Tasks of Technical Inspection
The main task of technical inspection is to promptly detect defects in the inspected objects and to prevent the production of castings that do not meet the specified requirements. According to the stage of production in which the inspection takes place, inspections can be divided into raw material inspection, process inspection, and acceptance inspection.
1. Raw Material Inspection refers to the inspection of raw materials supplied by other enterprises or departments.
2. Process Inspection refers to the inspection carried out during the casting production process, after completing one or several operations.
3. Acceptance Inspection is the inspection performed after all processes are completed, to determine whether the finished casting meets the requirements for delivery and use.
According to the quantity of inspected products, inspections can generally be divided into 100% inspection and sampling inspection.
Control of Casting Dimensional Accuracy
1. Factors Affecting Casting Dimensional Accuracy
In sand casting, the final geometry and dimensions of a casting mainly depend on two aspects:
· The geometry and size of the mold cavity, which are related to the dimensions and accuracy of the pattern, core box, and other tooling, as well as to the displacement of mold walls and deformation of cores before pouring.

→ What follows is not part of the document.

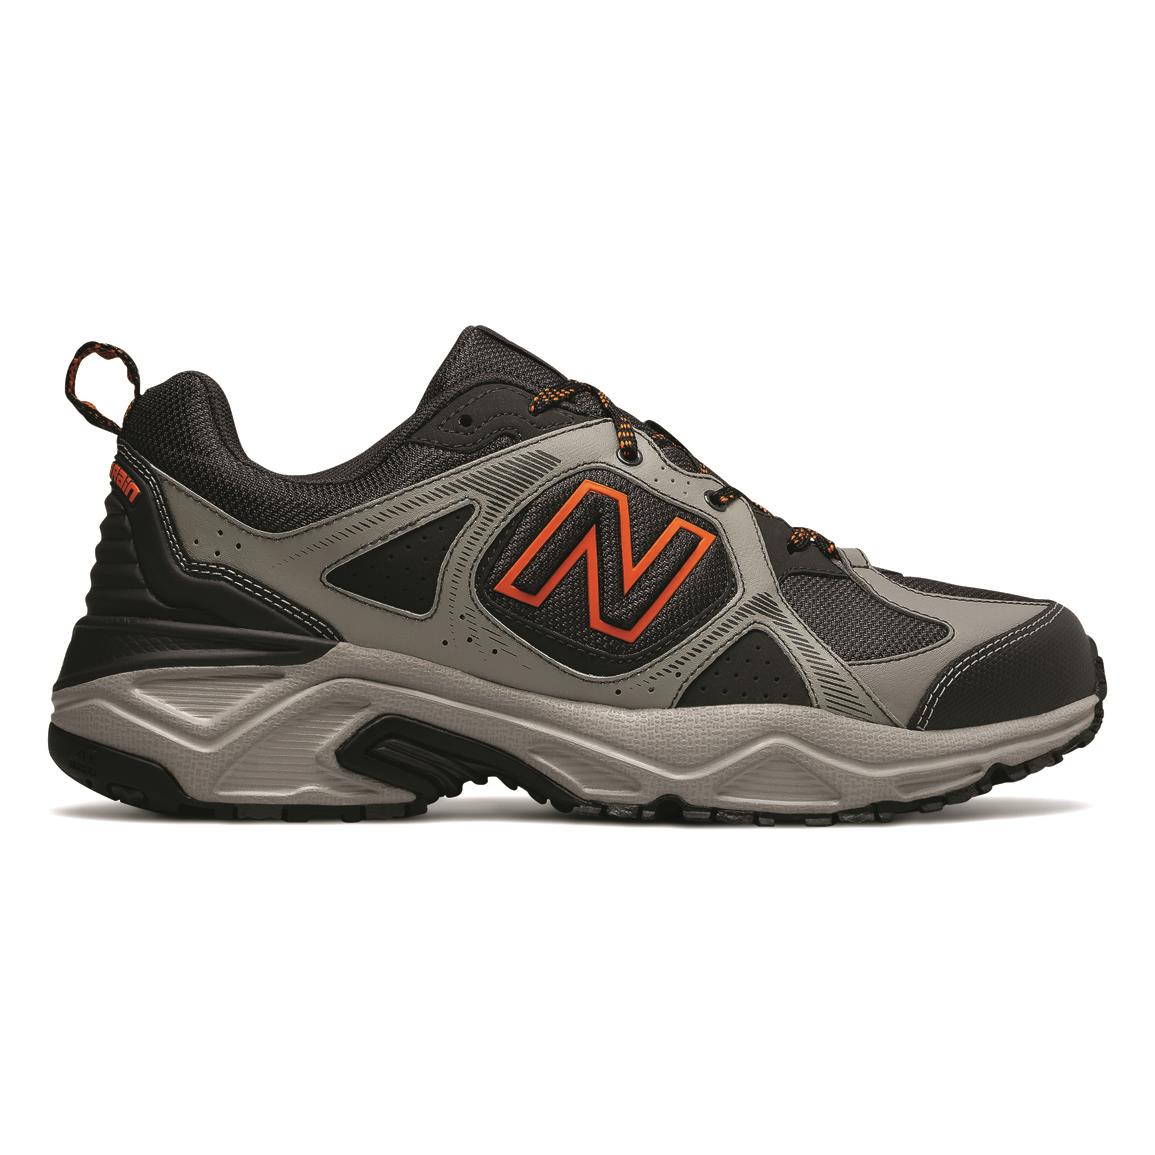 New Balance Men's MT481LC3 Trail Shoes - 704576, Running Shoes ...

· The expansion and contraction of the casting during solidification and cooling, which depend on the physical properties of the alloy, the displacement of mold walls during expansion, and the degree of restraint during contraction.
The factors affecting the dimensional accuracy of castings include:
• Pattern dimensional tolerance
• Pattern positioning tolerance on the pattern plate
• Core box dimensional tolerance
• Core deformation tolerance during core making
• Core positioning tolerance during assembly
• Casting shrinkage tolerance
Since these factors are complex, it is difficult to accurately predict casting dimensional accuracy in advance. Only by strictly controlling these influencing factors and minimizing their variations can the dimensional fluctuation of castings be reduced and the overall dimensional accuracy improved.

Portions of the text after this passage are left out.